Wednesday, 11 September 2013

Diana And 9/11

It was a Sunday morning in August 1997. I had woken up early, and turned on the TV and went straight to ITV (or ITV1 as it is now) and went to Teletext (remember that?). That week there had been its poll about who had had the best year since their divorce - the Prince of Wales or Diana, Princess of Wales.

That morning the poll had been removed. Maybe because the headline was "Diana, Dodi Killed In Car Crash".

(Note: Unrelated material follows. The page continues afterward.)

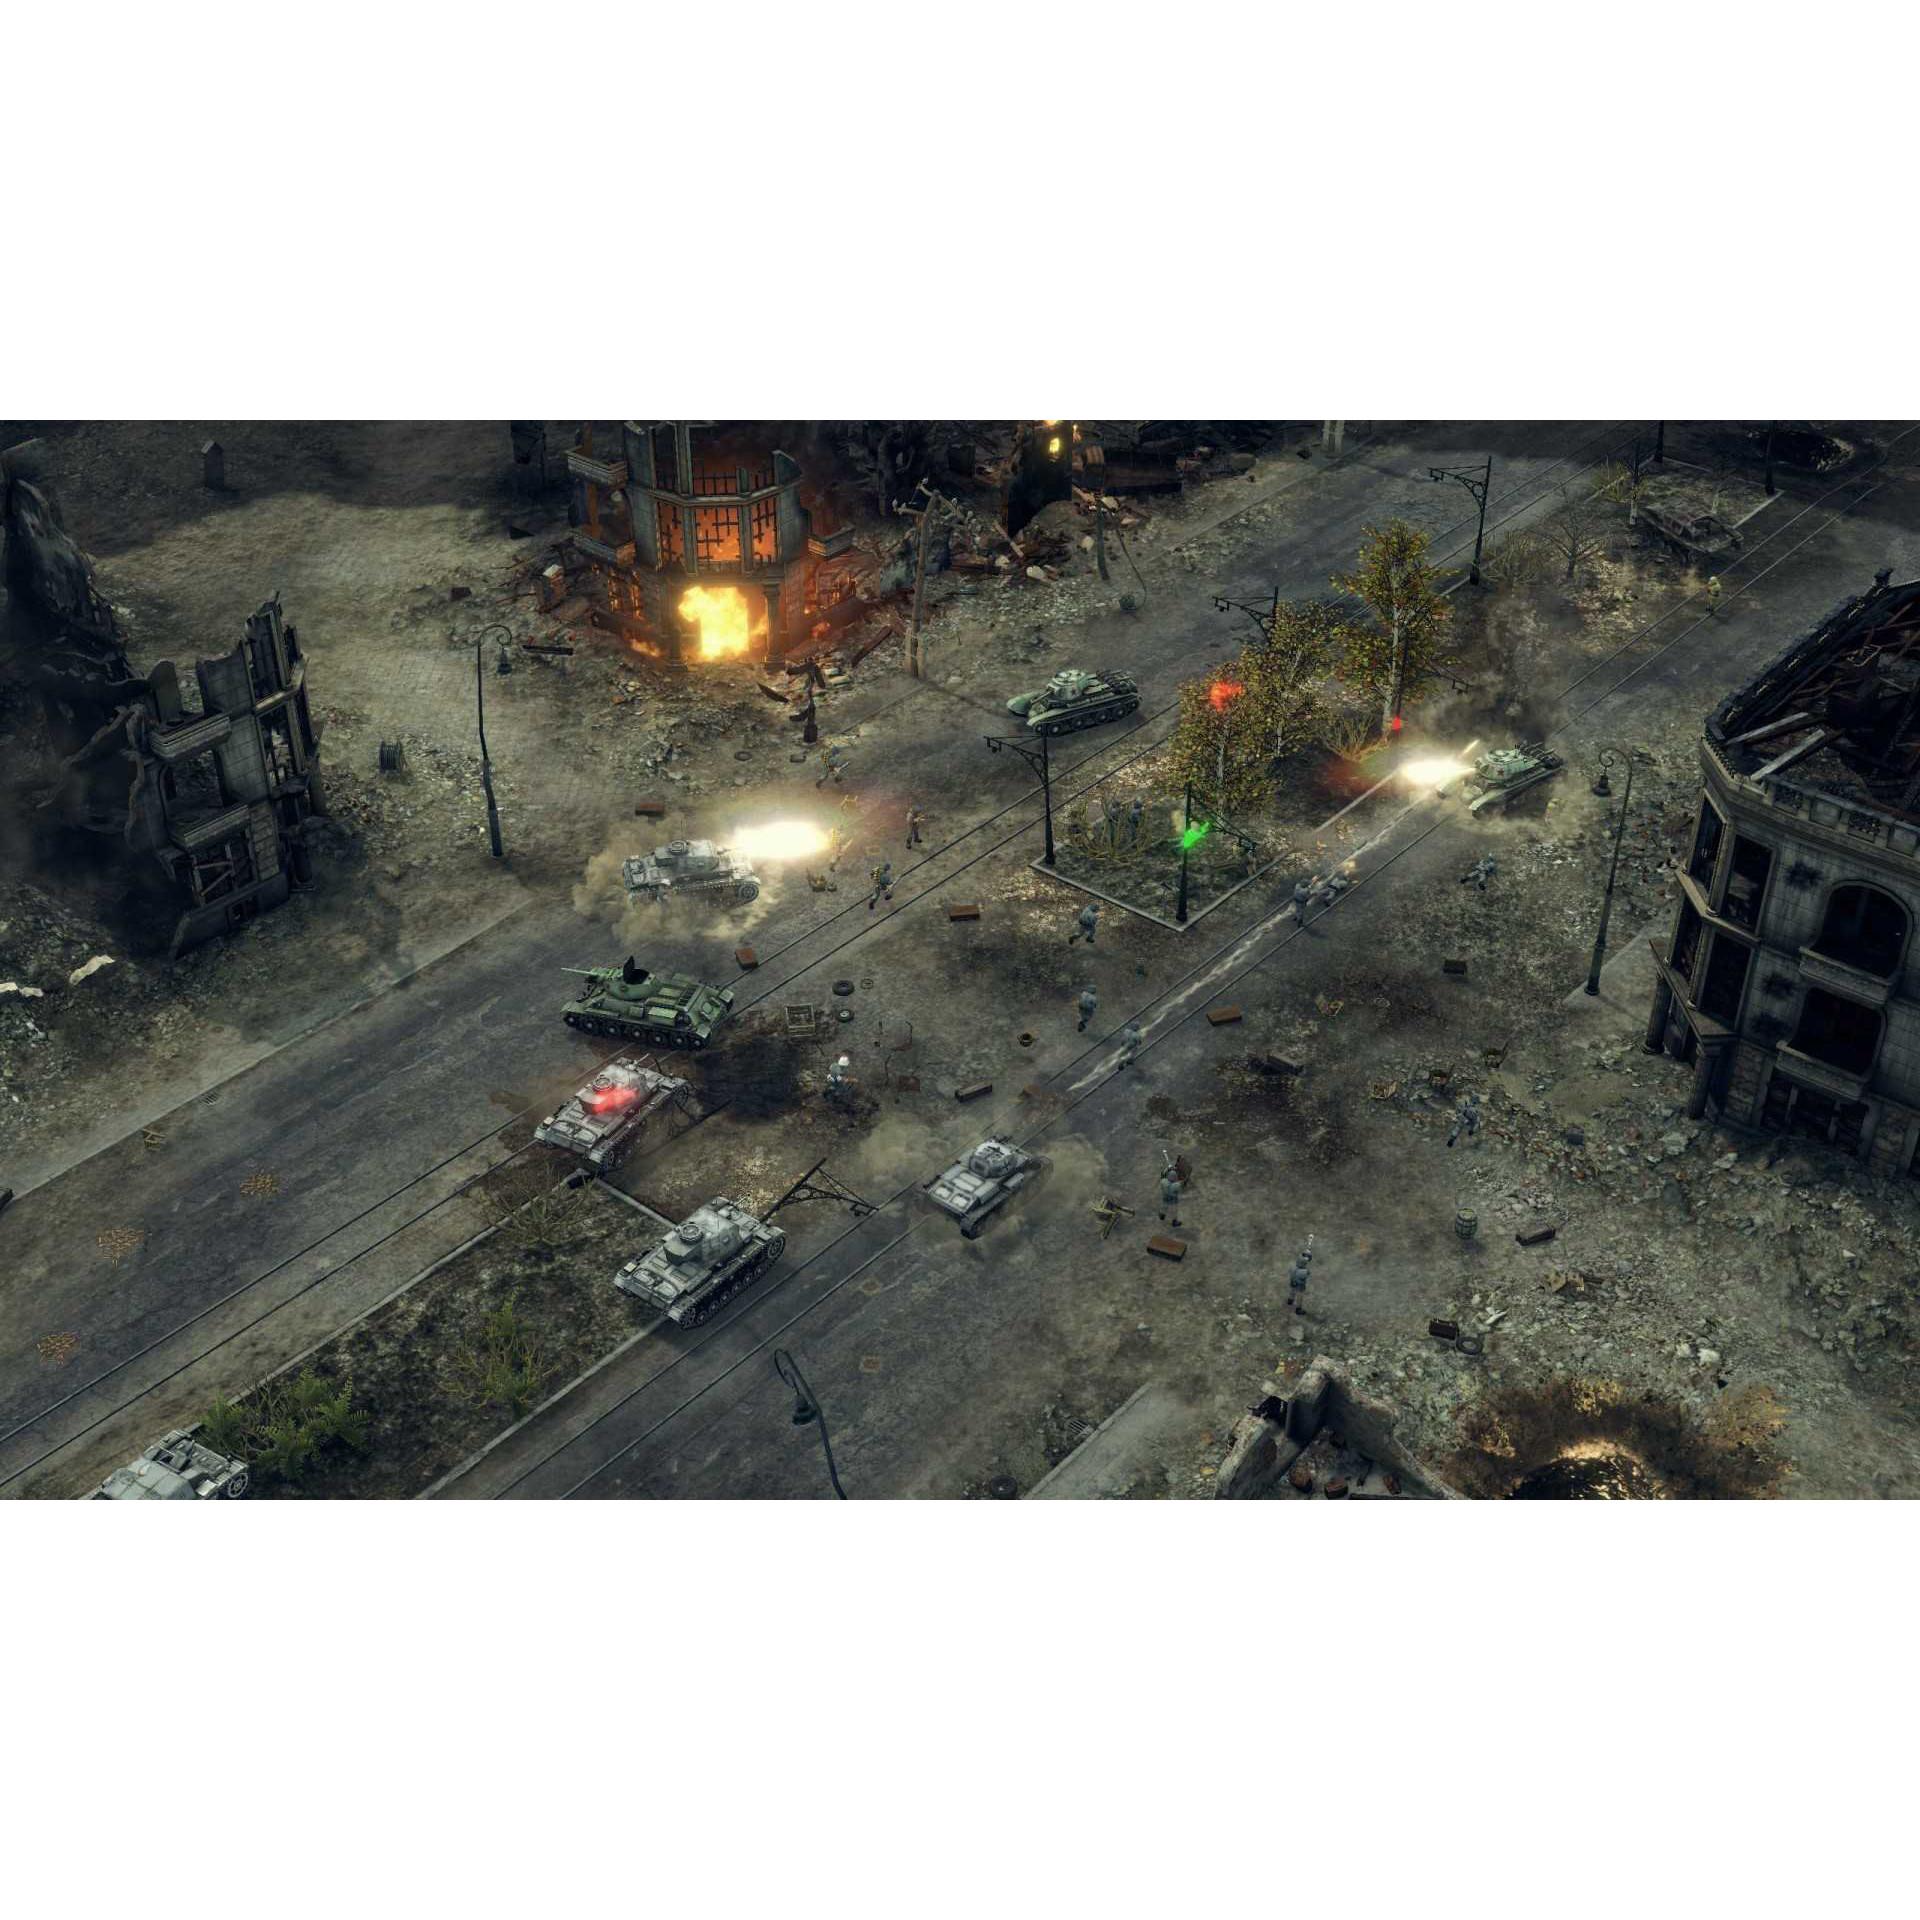 Joc Sudden Strike 4: Complete Collection (EU) Pentru PlayStation 4 1

And 16 years later the conspiracy theorists keep on. Watergate has a lot to answer for - the smugness of the conspiracy theorists as they giggle at the "sheeple" who are "gullible" enough to believe the official report. The constant Daily Express headlines.

The way the Daily Mail does its "forensic study" - hey, let's ignore the testimony from the witnesses at the hotel or the hospital. Who needs that when you have an unsigned page torn from an exercise book? Or the classic "my mate overheard a bloke down the pub who said he knew that..."?

If Diana was "clearly pregnant" just 4 weeks after meeting Dodi Fayed, then either she was not pregnant by him (I guess conspiracy theorists never had sex education lessons at school) or else babies developed in her womb very quickly.

And of course, the conclusion is that the security forces killed Diana because she was pregnant with a child who would be the half-sibling of the future "Head of the Church of England" and she was the mother of "the future King of England."

Sorry, but firstly, Jesus Christ is the Head of the Church of England, and secondly the last King of England was William III.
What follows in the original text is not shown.